Many factors contributed to the change in the majority’s attitude and the attainment of rights for African Americans over the years. During World War II, partially at the prodding of First Lady Eleanor Roosevelt, one barrier was slowly broken. The war effort needed pilots, bombardiers, and navigators for combat in Europe and the Pacific. To help address this need, the 332nd Fighter Group of the Army Air Corps was formed. These aviators, commonly known as the
Tuskegee Airmen, were the first African-American pilots in the U.S. military. While they served with skill, bravery, and distinction, the attitude in the military, like the attitude among civilians, was resistant to change, and that change took a long time to implement. “Separate but equal” training and operational facilities were built for the Airmen, and in those rare instances where the African-American aviators worked alongside their white counterparts, there was still segregation in facilities, housing, and other everyday life activities. Even after the war, not a single one of the Tuskegee Airmen was hired as a pilot by the commercial airlines. At the time, there was much consternation among the airmen about the “separate but equal” facilities, but some of the aviators, as well as liberal-minded politicians, considered that a necessary evil toward the greater goal of full equality for African-Americans in the military.

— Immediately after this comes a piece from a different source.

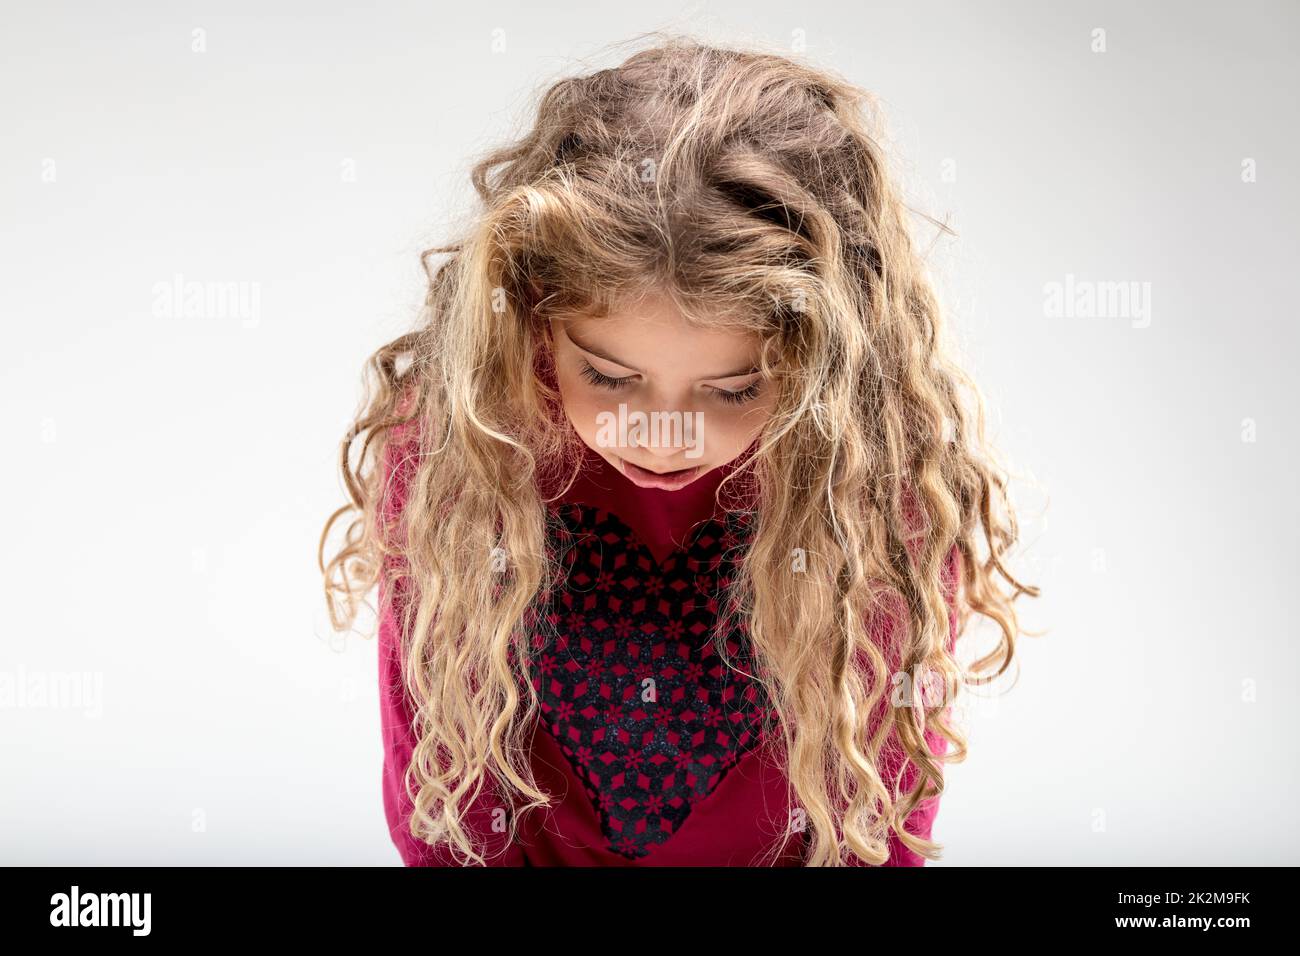 Sad curly-haired schoolgirl with head down Stock Photo

Of course, the struggle for rights in the military was just a microcosm for the larger struggle. The landmark
Brown vs. Board of Education decision in 1954 set the stage for full integration, but it took several generations for effective implementation. (One wonders how today’s activist Supreme Court would rule on a similar manner). Despite the advances of Dr. King, the sacrifices of
Goodman, Chaney, Schwerner and others, there are still
events that show the racial divide has narrowed but is not closed.
Nevertheless, much progress has been made in the last half-century for African-Americans’ rights. The election of Barack Obama is not the culmination of that struggle, but rather the next chapter in an ongoing initiative to ensure equal rights for African-Americans and Americans overall.
Unfortunately, the end of the twentieth century was also marked by events that diminished the rights of another group of Americans: gays and lesbians. While discrimination and
violence against homosexuals have been with us even before the days of J. Edgar Hoover and Senator Joseph McCarthy, it was President Clinton who signed into law two bills that institutionalized discrimination and took away rights from millions of American. In 1993, he approved the featherbrained policy of “Don’t Ask, Don’t Tell” (DADT) in the military, and in 1996 approved the Republican wedge issue by signing the equally ridiculously-named “Defense of Marriage Act”, which defined marriage at the Federal level as a union between a man and a woman.
As in the case of the Tuskegee Airmen and African-Americans serving alongside Caucasians, there are those who decry the concept of homosexuals serving side-by-side with heterosexuals in the military. And like the case of the Tuskegee Airmen, gays and lesbians have served their country with distinction and honor. To paraphrase World War II journalist Ernie Pyle, “There are no homophobes in foxholes.” In today’s military, which is stretched thin by two
unnecessary wars, the policy of not allowing gays and lesbians to serve their country is not just wrong, it is also counterproductive and harmful to the war effort. Yet, President Obama’s campaign promise to repeal DADT is moving at a pace that would make a snail seem like a Lamborghini in comparison.
Elimination of the “Defense of Marriage Act” is also moving at a slow pace. Last year, 91 congressmen signed on to an effort to repeal this inappropriate legislation. More recently, a District Court judge in Boston ruled that DOMA was unconstitutional – he made the right decision for the wrong reason. The judge’s rationale was that marriage is a state’s rights issue – the same rationale that was used to perpetuate segregation before the
Brown decision. What he should have ruled is that DOMA is unconstitutional because
it violates the First and Fourteenth Amendments. The “Separate but Equal” concept of civil unions is as wrong and ineffective as “separate but equal” schools were for African-Americans.
The struggle for African-American civil rights was a long, often violent one – and it is by no means over. By comparison, the struggle for gay and lesbian rights is just starting. As we approach America’s
bicenquinquagenary, let’s ensure that equal rights are just that – equal for all Americans – black, brown, and white; gay, straight, and transgender; Muslim, Jewish, Christian, and atheist; and any other variant of the human condition that exists. Instead of “Don’t Ask, Don’t Tell”,
ask yourself if America is meant to institutionalize second class citizenship and deny rights to anyone, and
tell your elected officials to remove any and all legal barriers that deny you and your neighbors full and equal rights. It shouldn’t take another 100 years for America to realize its full potential.